Approximately 60% of Main Street businesses are owned by individuals over the age of 50. Small businesses employ around 50%+ of the U.S. workforce, but many of these businesses don’t have proper succession plans as baby boomers reach their retirement age. While private equity firms have been looking to roll up these businesses for a number of years, I personally believe there is a larger technology play to consider in this space!
Instead of speaking about this clinically by looking at statistics, I think it’s better to understand the mindset of business owners in these highly fragmented spaces. Based on my own experience with Camphor selling an AI concierge service to real estate agents and brokers, I can definitively say the hardest problem with technology adoption is education. When speaking to VC-backed founders selling to accounting, legal, real estate (like me), mortgage, and home services, the biggest learnings I have seen are the following:
First of all, it’s worth mentioning that private equity firms such as Alpine Investors and Genstar Capital have made plenty of mid-market investments into legacy businesses across insurance, healthcare, and home services. Most of these businesses have been bootstrapped and rolled up by these PE firms with the intent of cutting operating expenses by reducing headcount and making simple changes such as improving marketing SEO to grow top line revenue, with the intent of exiting the business to a larger PE shop. Canonically, many recent MBA graduates and professional searchers have also been rolling up traditional businesses in this manner. A great example of a search fund that eventually led to an IPO is Lineage, which was a business rolling up and building services for cold-storage warehouses as a REIT play.
Secondly, the concept of AI rollup strategies is not new. In fact, many VC firms, including Bessemer, have made investments into accounting firms in an effort to support their portfolio companies both for accounting services as well as encouraging B2B fintech innovation to automate accounting. General Catalyst also manages the Creation Fund which deploys capital to support EIRs looking to innovate via a mixture of SaaS and targeted acquisitions of legacy businesses.

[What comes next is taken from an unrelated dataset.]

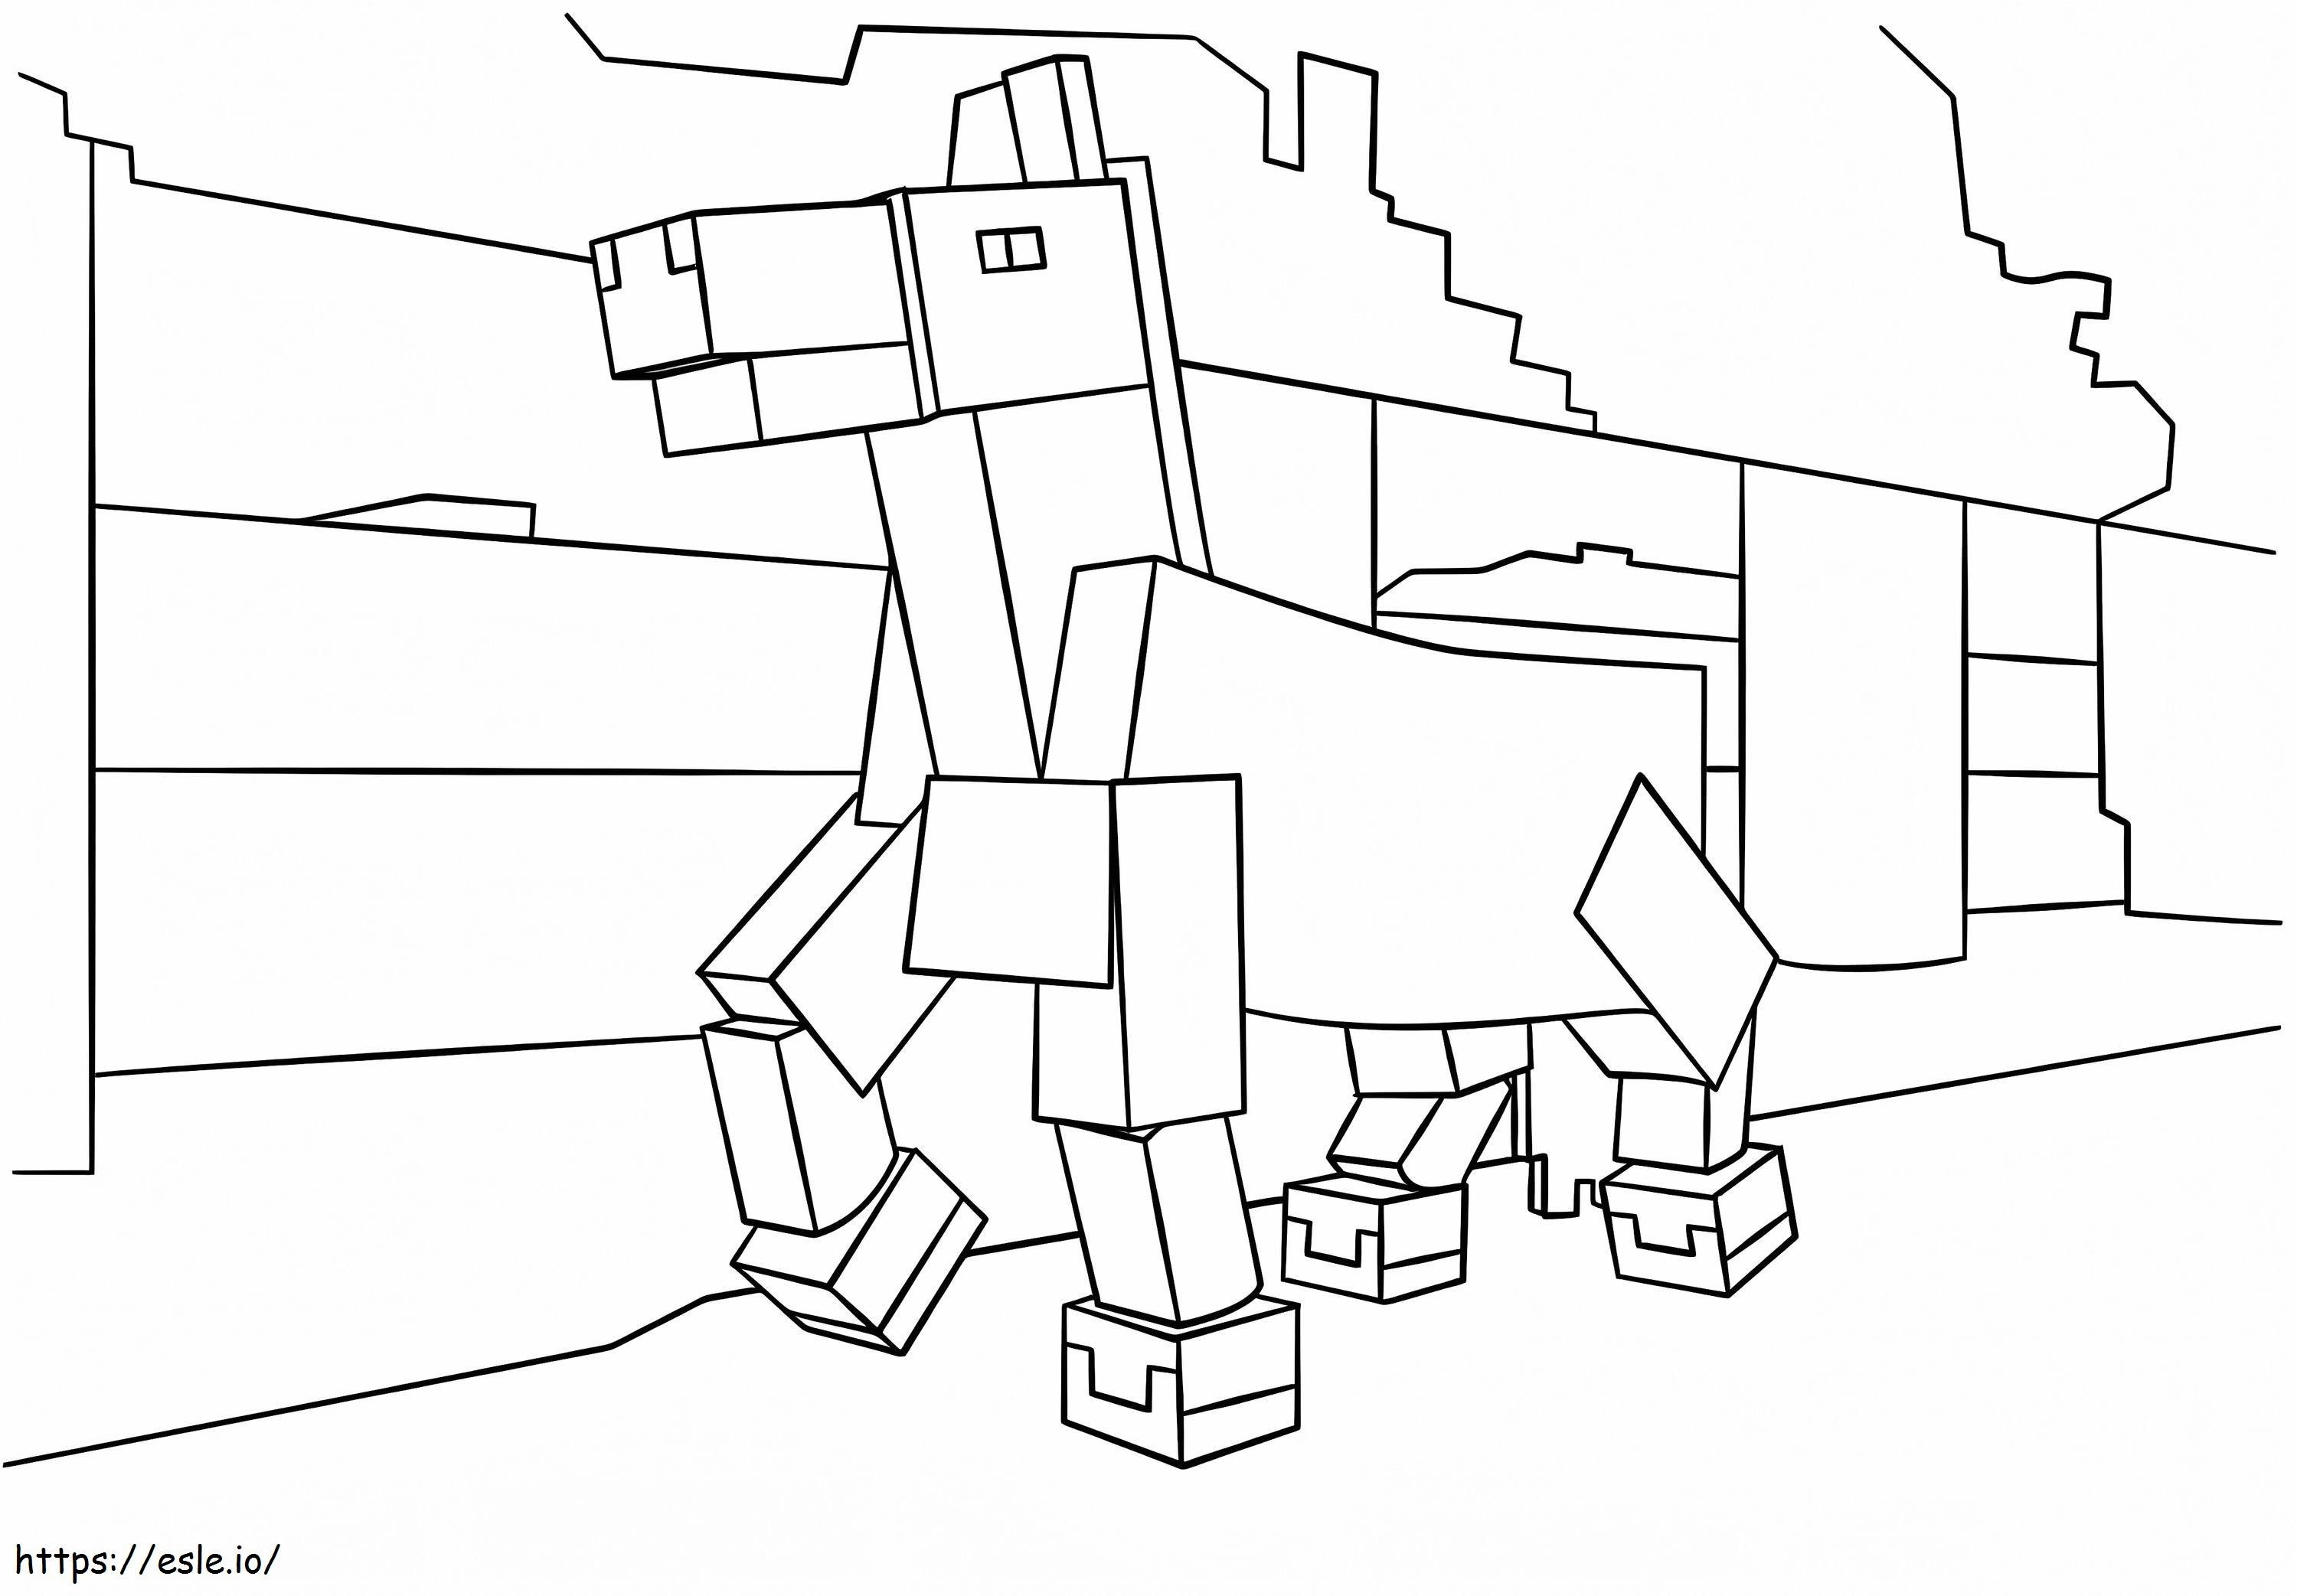 Minecraft Cheval coloring page

With all this in mind, what makes an AI-forward strategy different? Instead of looking to just simply roll up businesses, an AI-focused approach would be looking at strategic acquisitions across a specific vertical and then leverage building vertical AI agents across sales, customer support, marketing, and operations WITHOUT needing to grow headcount. There would generally be three reasons for acquisitions in this approach:
Staffing firms primarily operate through high-volume outreach and manual relationship-building, making them ideal candidates for AI-driven automation. AI-powered tools can streamline candidate sourcing, automate initial screenings, and improve retention through predictive analytics. Rollups in this space could focus on niche recruiting firms (e.g., healthcare, tech, finance) and implement AI to increase placements while reducing the need for large recruiting teams.
Many independent insurance agencies are small and fragmented, relying on legacy CRM systems and manual underwriting processes. AI-powered automation can streamline quoting, underwriting, and customer service. Acquiring independent agencies and implementing AI to improve client acquisition and retention reduces cost per policy and increases revenue per agent.
Mortgage and small business lending remain paper-heavy and relationship-driven industries. AI-powered underwriting and document processing can speed up approvals, reduce compliance risks, and improve borrower experiences. An AI rollup strategy would focus on acquiring local and regional lenders and automating back-office processes to drive efficiency while maintaining regulatory compliance.